Document

**Published in:** LIPIcs, Volume 286, 27th International Conference on Principles of Distributed Systems (OPODIS 2023)

Cache management policies are responsible for selecting the items that should be kept in the cache, and are therefore a fundamental design choice for obtaining an effective caching solution. Heuristic approaches have been used to identify access patterns that affect cache management decisions. However, their behavior is inconsistent, as they can perform well for certain access patterns and poorly for others. Given machine learning’s (ML) remarkable achievements in predicting diverse problems, ML techniques can be applied to create a cache management policy.
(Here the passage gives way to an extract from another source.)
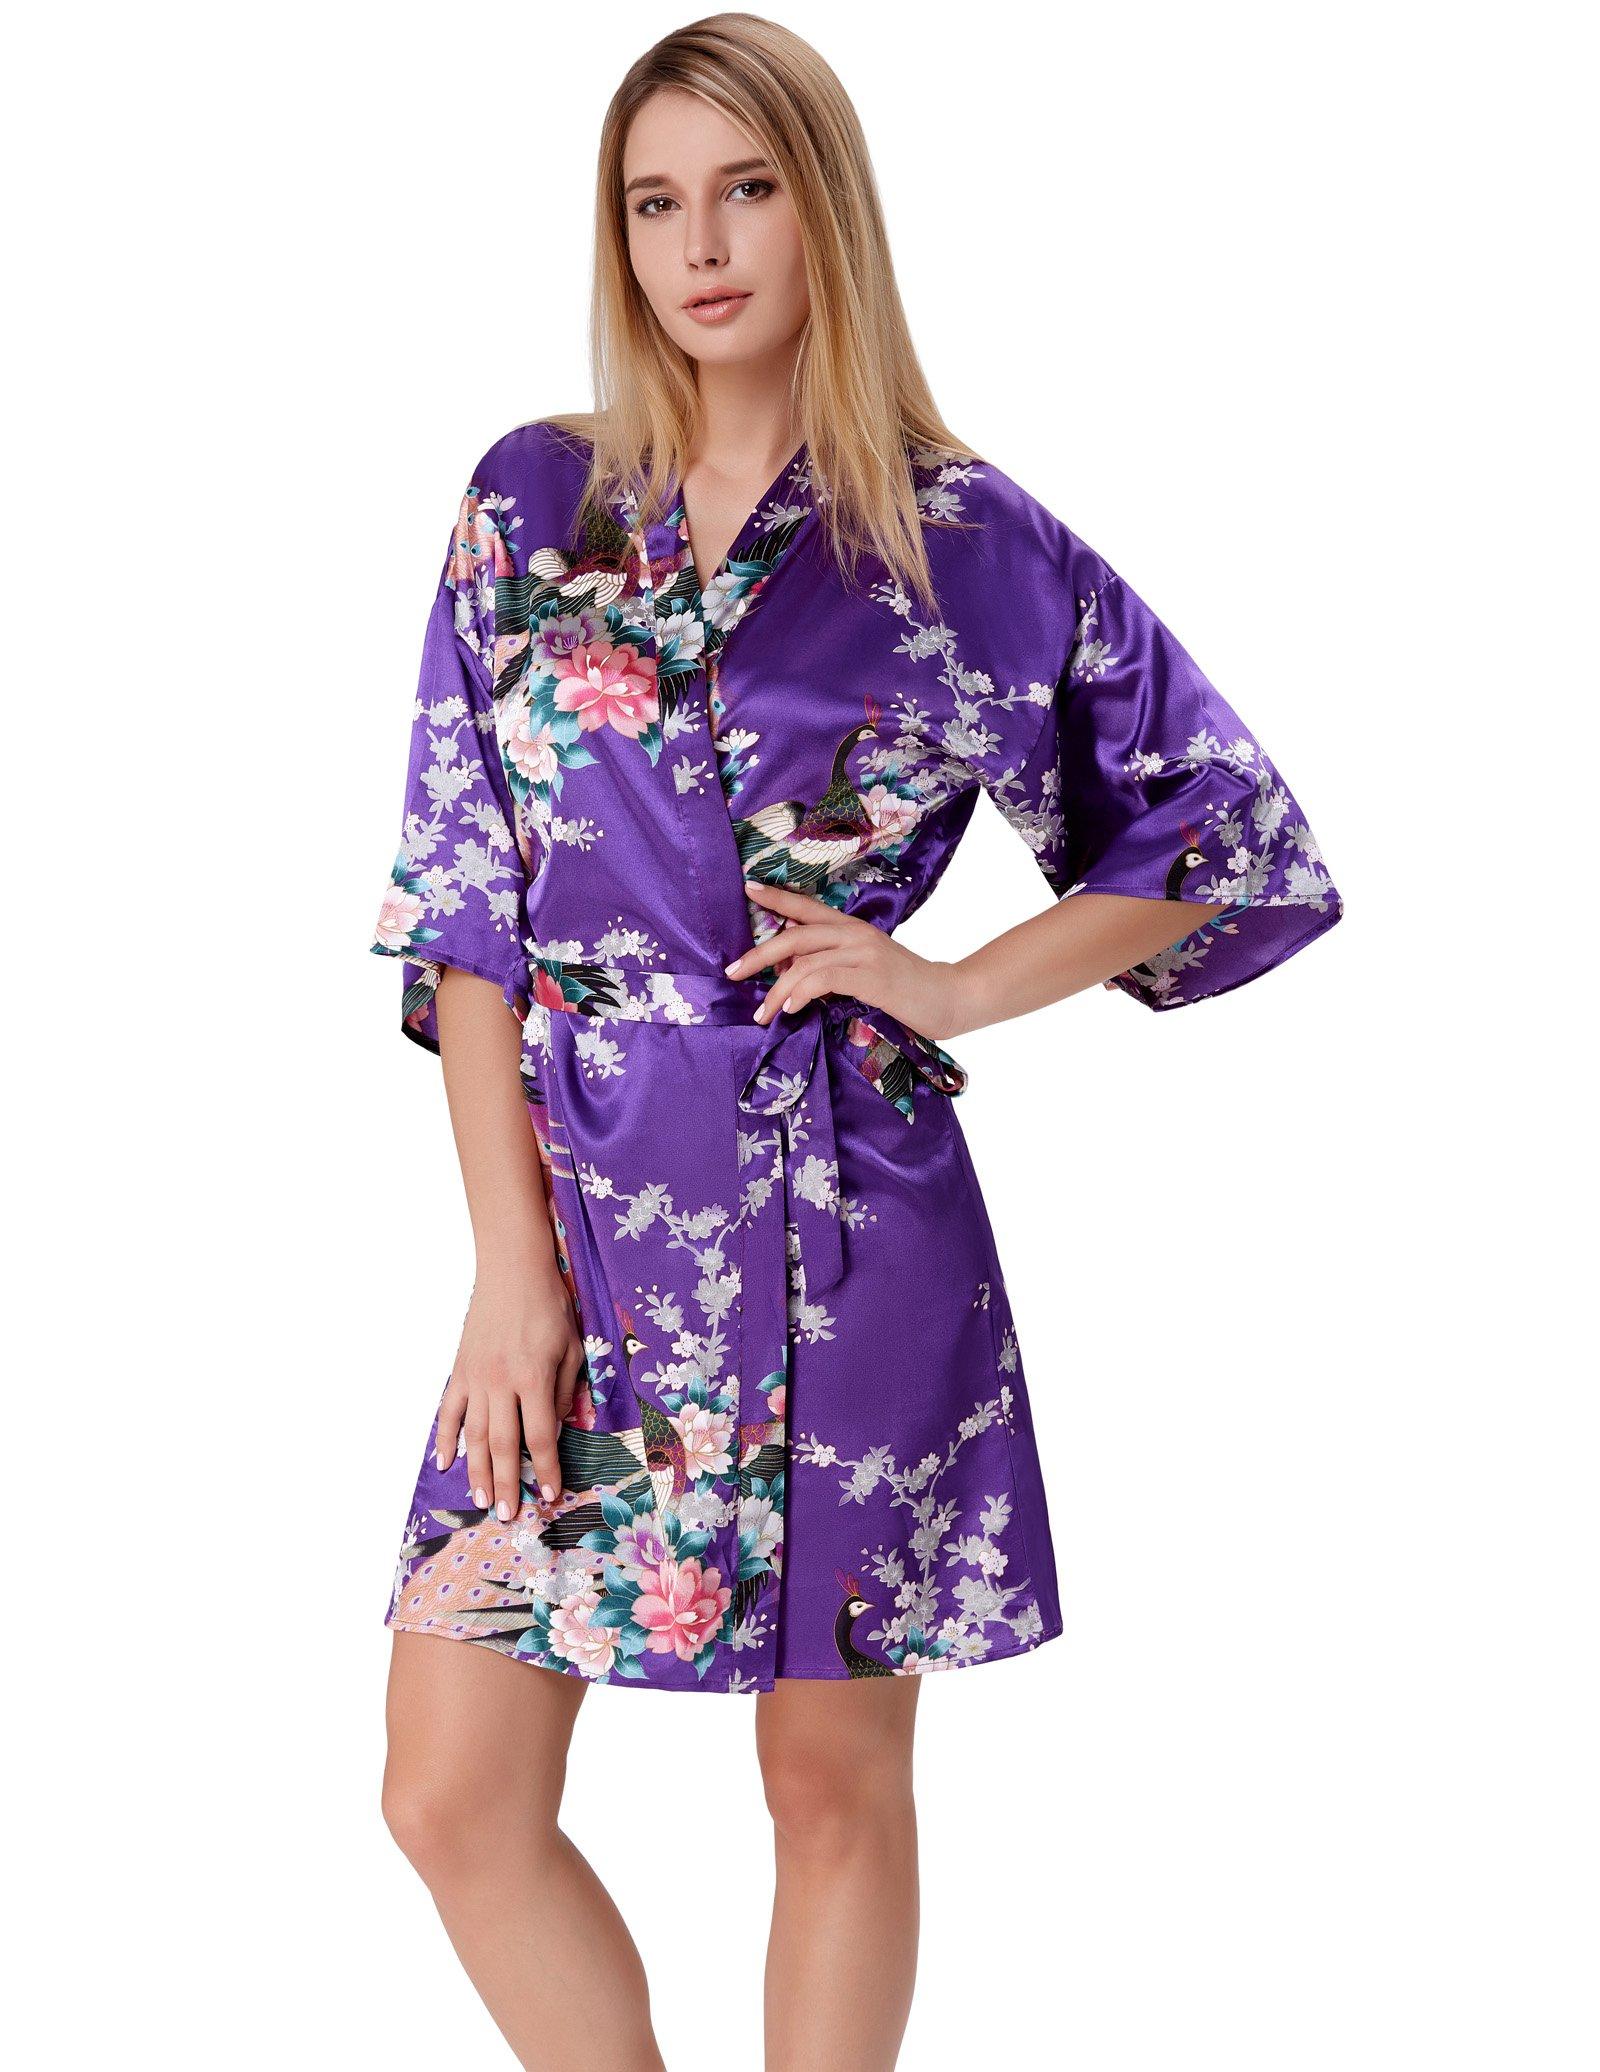 Plus Size Robes for Women Short Style Blossom Sleepwear Purple Size XXL ZE53-2

Yet a significant challenge arises from the memory overhead associated with ML components. These components retain per item information and must be invoked on each access, contradicting the goal of minimizing the cache’s resource signature.
In this work, we propose ALPS, a light-weight cache management policy that takes into account the cost of the ML component. ALPS combines ML with traditional heuristic-based approaches and facilitates learning by identifying several statistical features derived from space-efficient sketches. ALPS’s ML process derives its features from these sketches, resulting in a lightweight and highly effective meta-policy for cache management. We evaluate our approach over real-world workloads run against five popular heuristic cache management policies as well as a state-of-the-art ML-based policy. In our experiments, ALPS always obtained the best hit ratio. Specifically, ALPS improves the hit ratio compared to LRU by up to 20%, Hyperbolic by up to 31%, ARC by up to 9% and W-TinyLFU by up to 26% on various real-world workloads. Its resource requirements are orders of magnitude lower than previous ML-based approaches.

Rana Shahout and Roy Friedman. Sketching the Path to Efficiency: Lightweight Learned Cache Replacement. In 27th International Conference on Principles of Distributed Systems (OPODIS 2023). Leibniz International Proceedings in Informatics (LIPIcs), Volume 286, pp. 34:1-34:21, Schloss Dagstuhl – Leibniz-Zentrum für Informatik (2024)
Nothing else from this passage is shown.